During the High Middle Ages, a few European scholars such as Hildegard of Bingen, Albertus Magnus and Frederick II wrote on natural history. The rise of European universities, though important for the development of physics and philosophy, had little impact on biological scholarship.[28]
Renaissance and early modern developments[edit]
See also: History of anatomy and Scientific Revolution
The European Renaissance brought expanded interest in both empirical natural history and physiology. In 1543, Andreas Vesalius inaugurated the modern era of Western medicine with his seminal human anatomy treatise De humani corporis fabrica, which was based on dissection of corpses. Vesalius was the first in a series of anatomists who gradually replaced scholasticism with empiricism in physiology and medicine, relying on first-hand experience rather than authority and abstract reasoning. Via herbalism, medicine was also indirectly the source of renewed empiricism in the study of plants. Otto Brunfels, Hieronymus Bock and Leonhart Fuchs wrote extensively on wild plants, the beginning of a nature-based approach to the full range of plant life.[29] Bestiaries—a genre that combines both the natural and figurative knowledge of animals—also became more sophisticated, especially with the work of William Turner, Pierre Belon, Guillaume Rondelet, Conrad Gessner, and Ulisse Aldrovandi.[30]

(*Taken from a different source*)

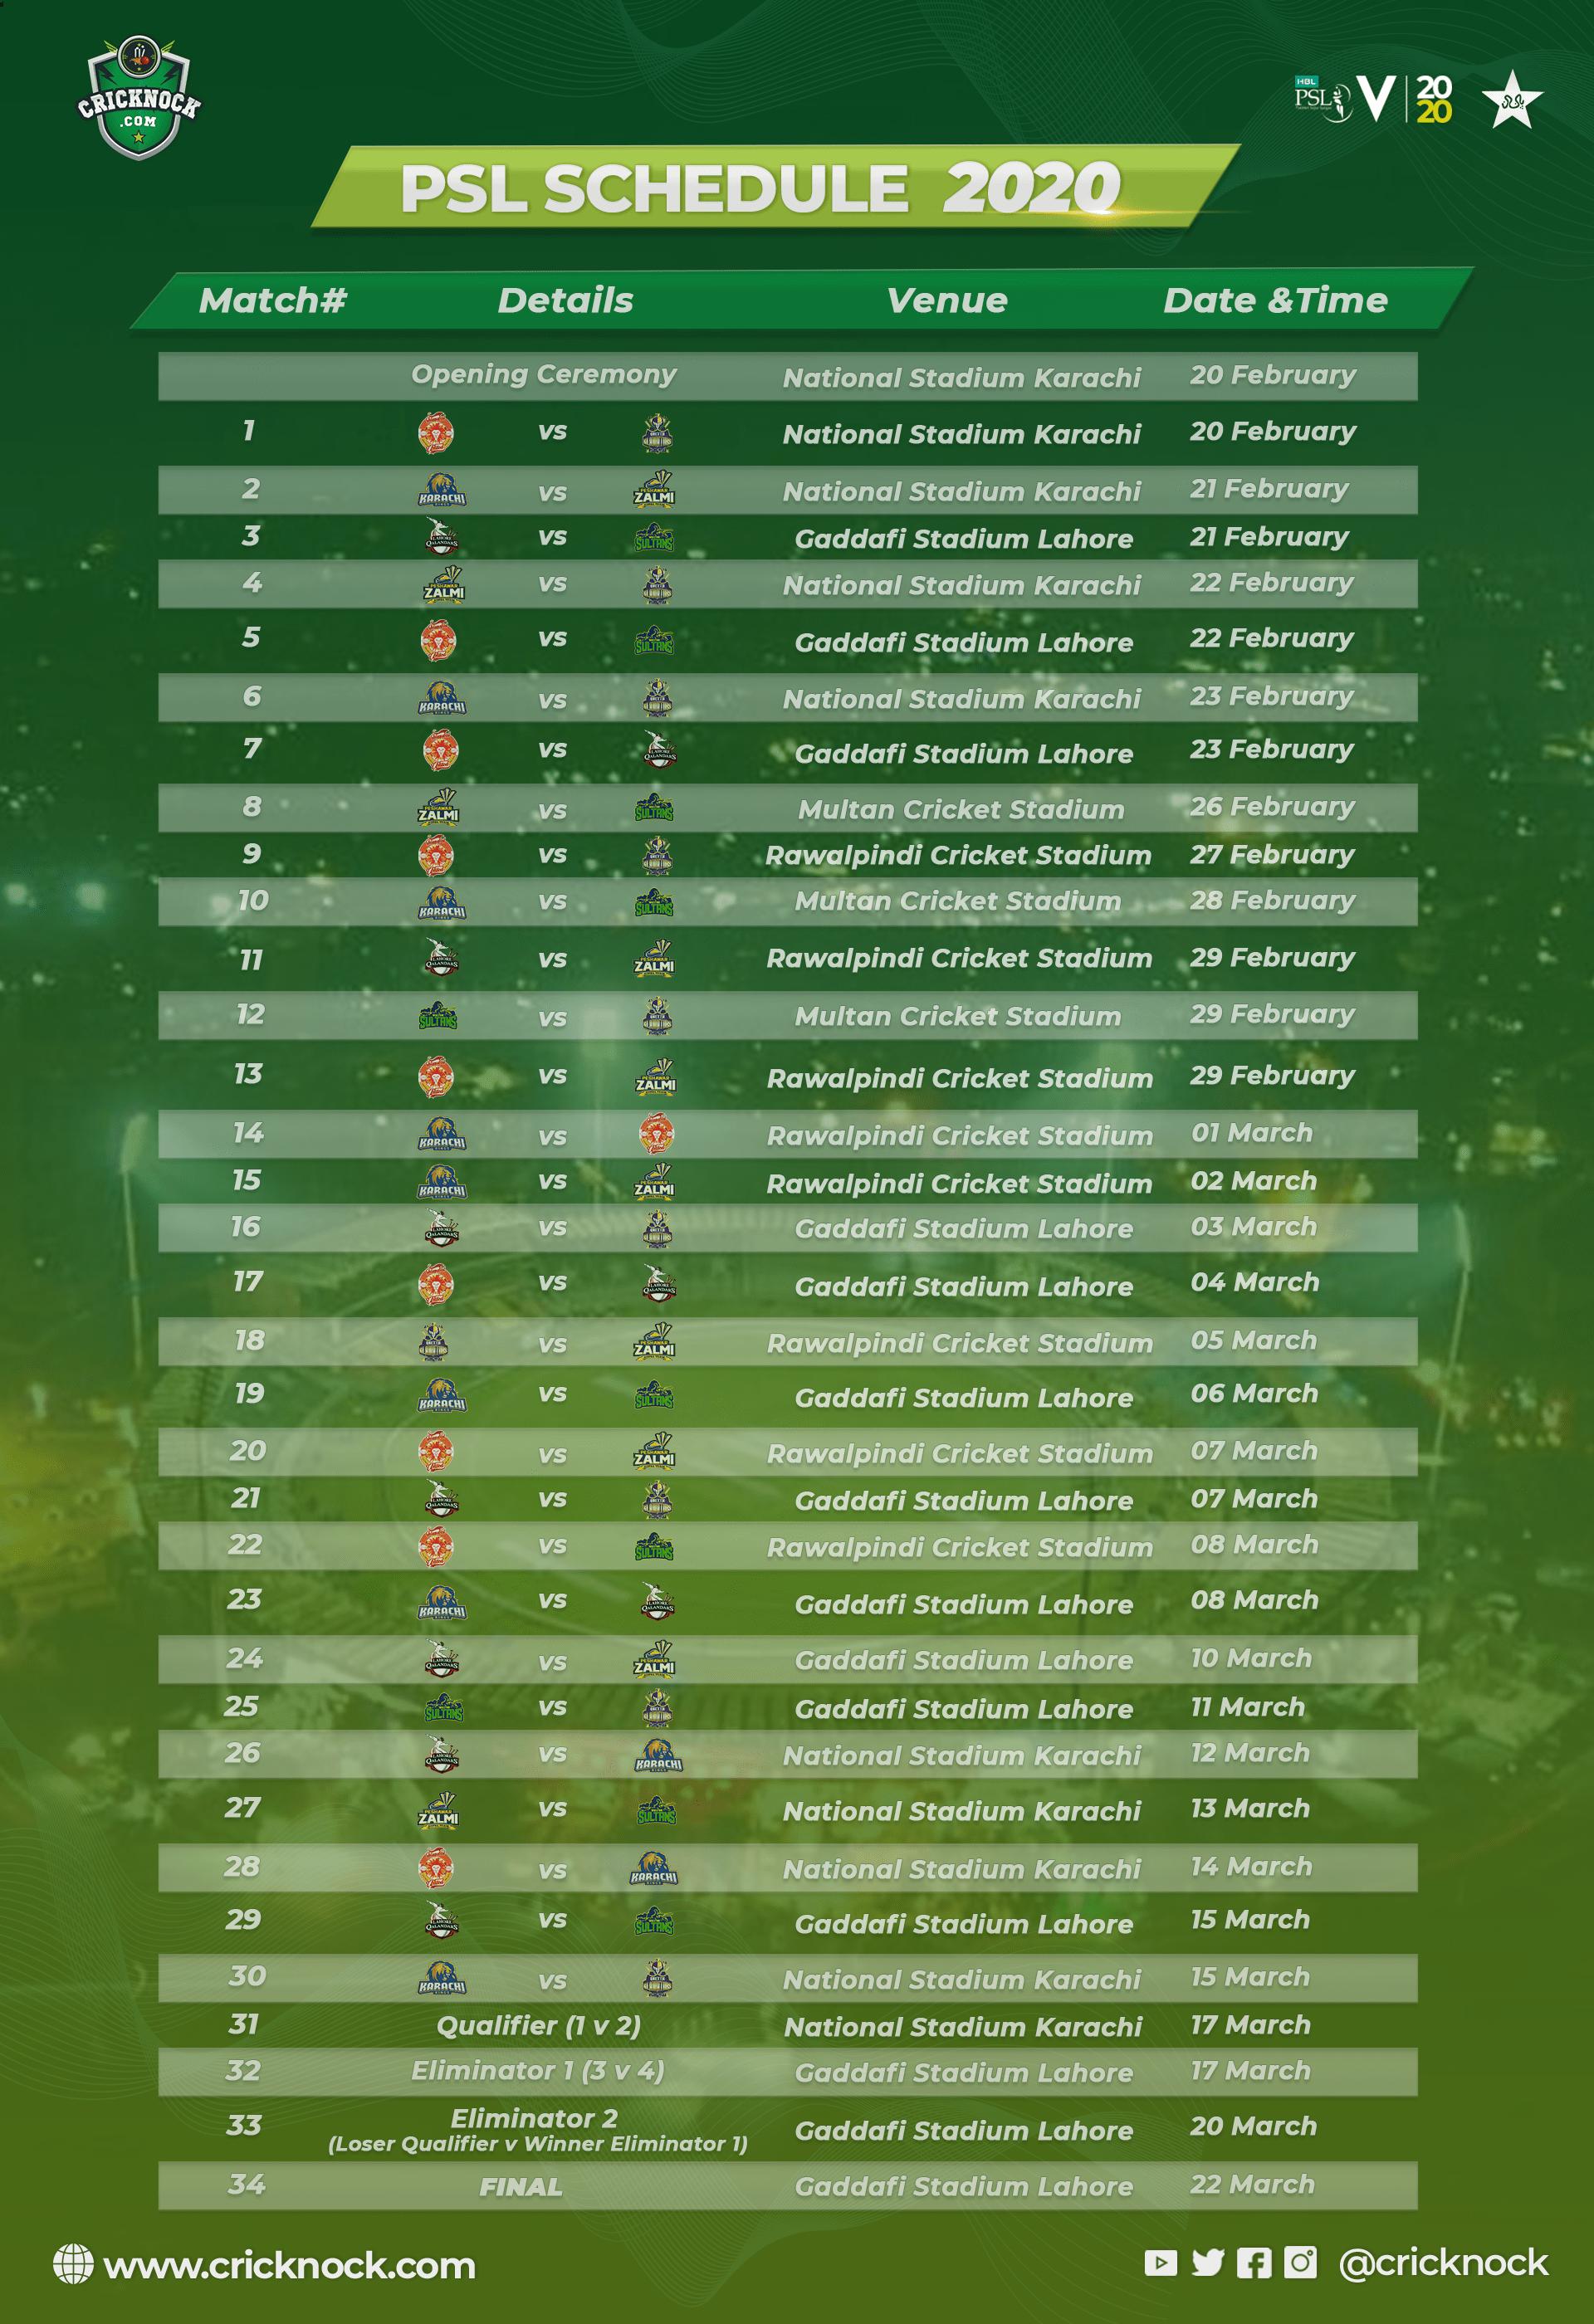 PSL T20 2020 Complete Fixtures

Artists such as Albrecht Dürer and Leonardo da Vinci, often working with naturalists, were also interested in the bodies of animals and humans, studying physiology in detail and contributing to the growth of anatomical knowledge.[31] The traditions of alchemy and natural magic, especially in the work of Paracelsus, also laid claim to knowledge of the living world. Alchemists subjected organic matter to chemical analysis and experimented liberally with both biological and mineral pharmacology.[32] This was part of a larger transition in world views (the rise of the mechanical philosophy) that continued into the 17th century, as the traditional metaphor of nature as organism was replaced by the nature as machine metaphor.[33]